# Need some advice on flavourings



## Marco (20/4/15)

Hi guys.
I'm new to forum and been off real smokes for 4weeks now and going strong.

I did some research on DIY juices lately and found a lot of helpfull info on this topic from this awesome forum.

Q: I received a black bag full of flavouvorings from a friend they used it for flouvoring in yougurts and fruit juices.
There is a few different suppliers and would like to know if anyone knows more about these ones and sucessfully mixed and vaped it.

Flavour brand is Silesia.

Any info on them would help a lot.

Reactions: Like 1


----------



## zadiac (20/4/15)

Not a good idea bud. You have no idea what is in those flavorings and it could be harmful.
Rather buy some flavorings for e-juice from vaping vendors and use that.
I have been all over the web and haven't seen anything yet about Silesia being used in e-juice. Be careful.

Reactions: Agree 2


----------



## Marco (20/4/15)

zadiac said:


> Not a good idea bud. You have no idea what is in those flavorings and it could be harmful.
> Rather buy some flavorings for e-juice from vaping vendors and use that.
> I have been all over the web and haven't seen anything yet about Silesia being used in e-juice. Be careful.


Thanks man
I was tempted but love my lungs way to much to put anything into it I am not 100% sure about.
Waiting for payday, big order already in my head.


----------



## BumbleBee (20/4/15)

Welcome @Marco 

DIY juice is fun, but as @zadiac mentioned stick with what is known to be safe for inhalation. Food flavouring is generally safe for consumption but could contain compounds and oils that are dangerous to inhale.

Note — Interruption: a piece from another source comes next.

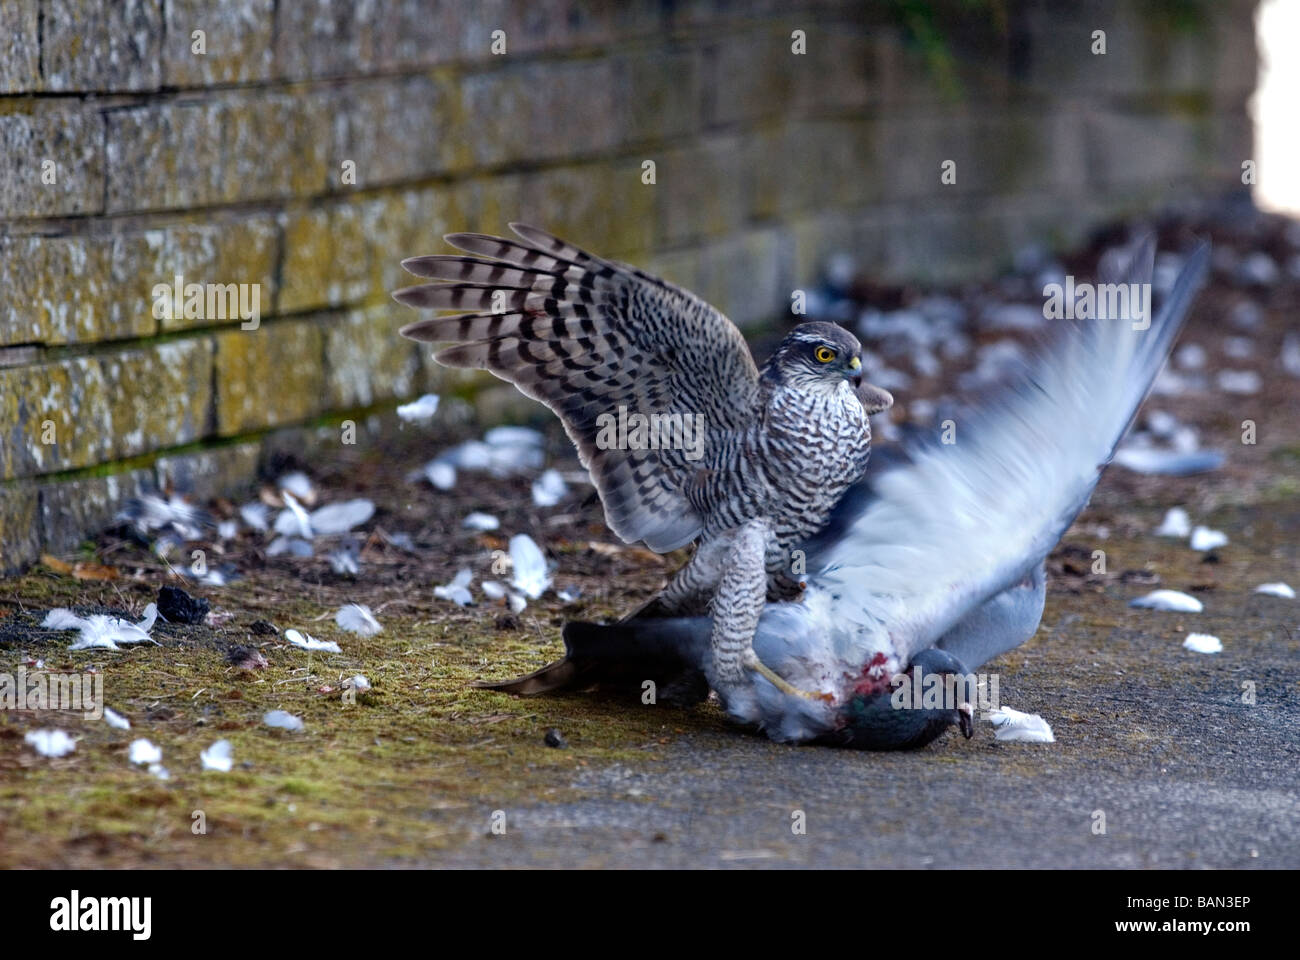 Una hembra de Gavilán en una calle suburbana en Inglaterra comiendo un feral/racing pigeon ha capturado Foto de stock

Have a look at www.skybluevaping.co.za and invest in a DIY Juice starter kit, well worth it. Www.Vapourmountain.co.za and www.valleyvapour.co.za also have some great flavouring concentrates. Also spend some time on the forum, poke around and ask questions (like you've just done  )

Here's a good place to start... http://ecigssa.co.za/forums/diy-liquid-mixing-vg-and-pg/

And we'd love to see a post in this thread: http://ecigssa.co.za/introduce-yourselves.t24/

Enjoy the forum

Reactions: Like 1 | Winner 3


----------